По сей день я страдала только от неправоты, была одна права, если и встречались схожие слова (редко) и жесты (чаще), то двигатель всегда был иной. Кроме того, твое не на твоем уровне – не твое совсем, меньше твое, чем обратное. Встречаясь с тобой, я встречаюсь с собой, всеми остриями повернутой против меня же.

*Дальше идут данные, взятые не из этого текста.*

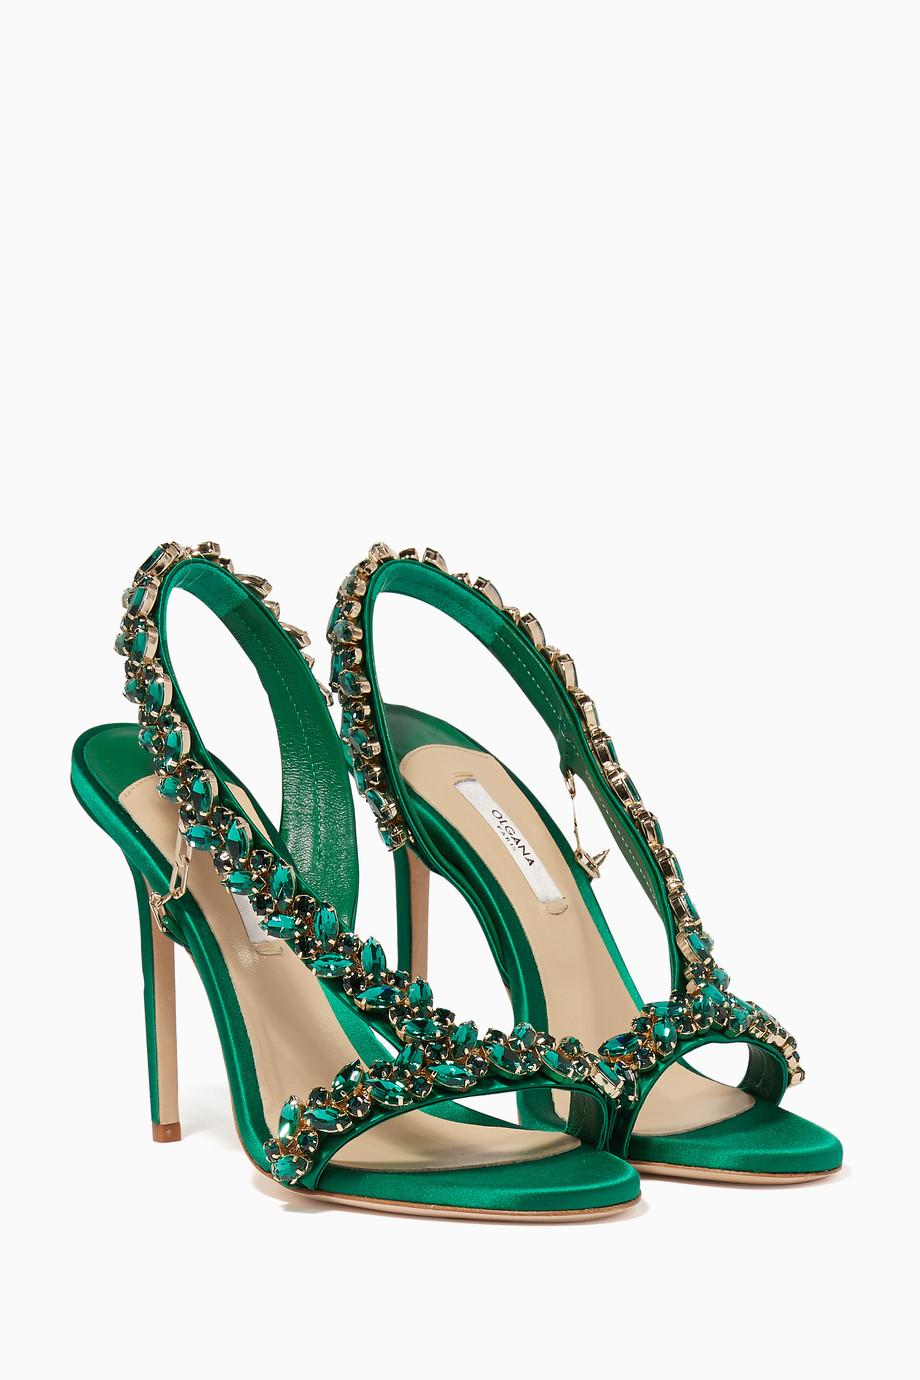 fb33f163694989 Shop Olgana Green Green Amazon Swarovski Embellished Sandals for ...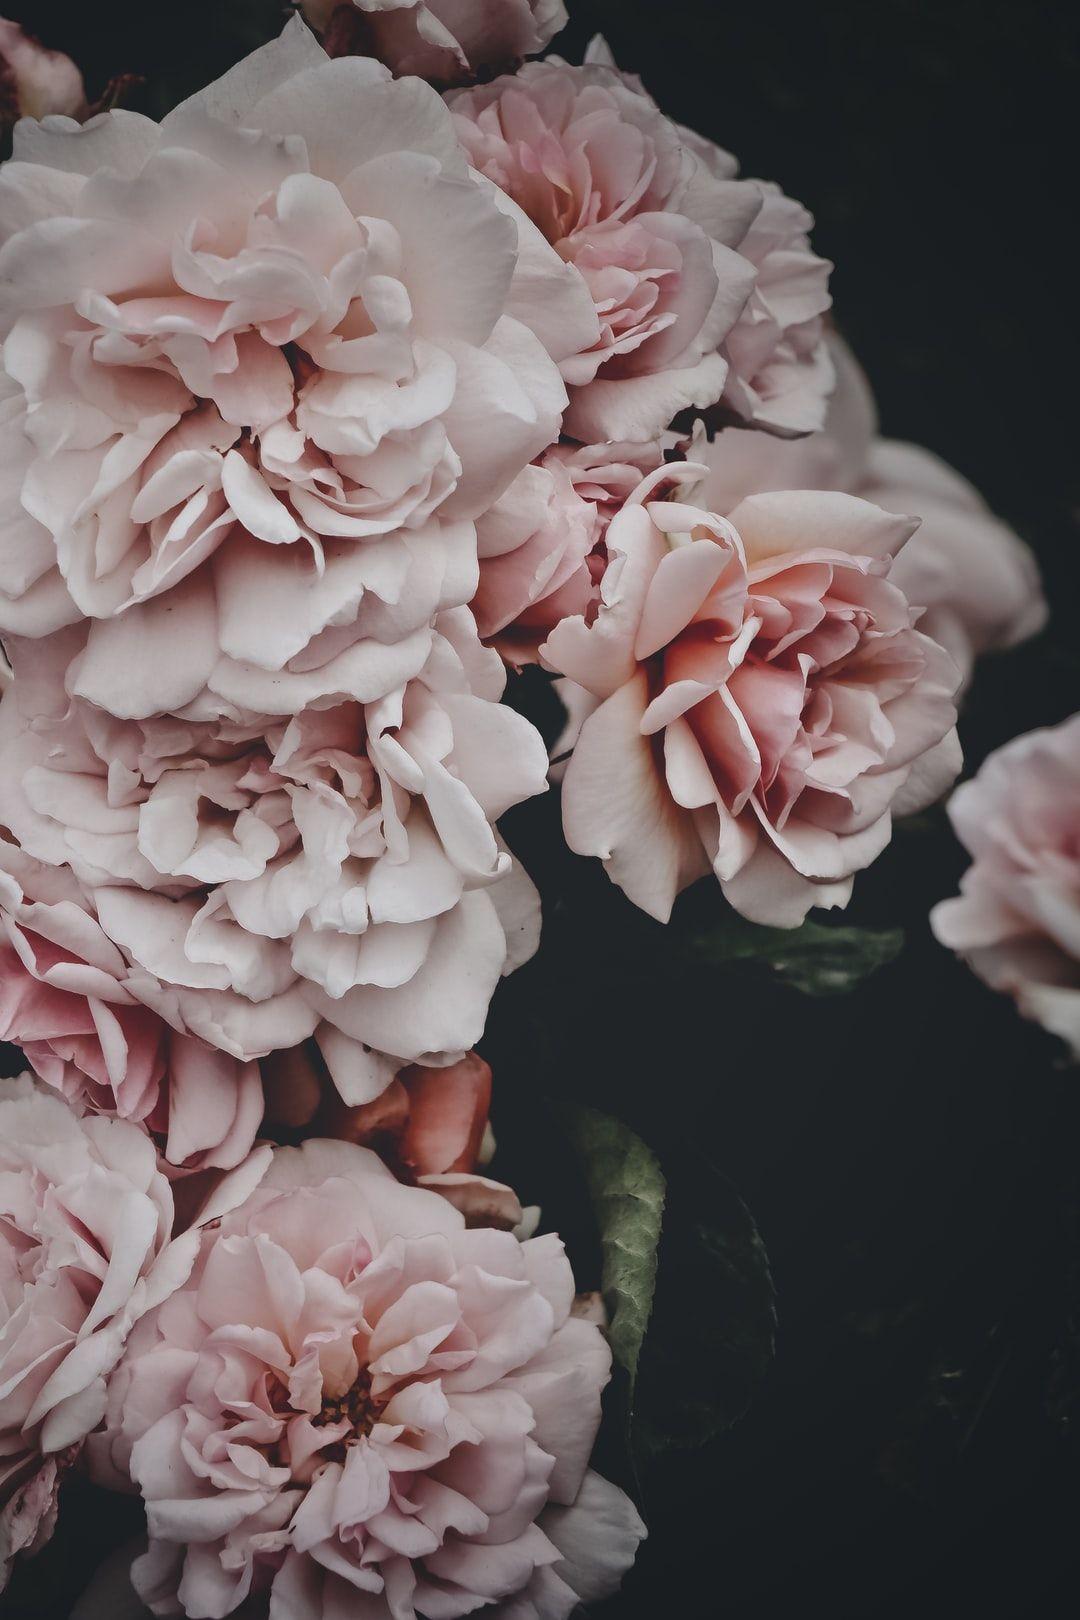 Blush pink peonies flowers HD photo by Embla Munk

Я бы с тобой не могла жить, Борис, в июле месяце в Москве, потому что ты бы на мне срывал

Я много об этом думала – и до тебя – всю жизнь. Верность как самоборение мне не нужна (я – как трамплин, унизительно). Верность как постоянство страсти мне непонятна, чужда. (Верность, как неверность, – всё разводит!) Одна за нею жизнь мне подошла (может быть, ее и не было, не знаю, я не наблюдательна, тогда подошла неверность, форма ее). Верность от восхищения. Восхищение заливало в человеке всё остальное, он с трудом любил даже меня, до того я его от любви отводила. Не восхищённость – восхи?щенность. Это мне подошло.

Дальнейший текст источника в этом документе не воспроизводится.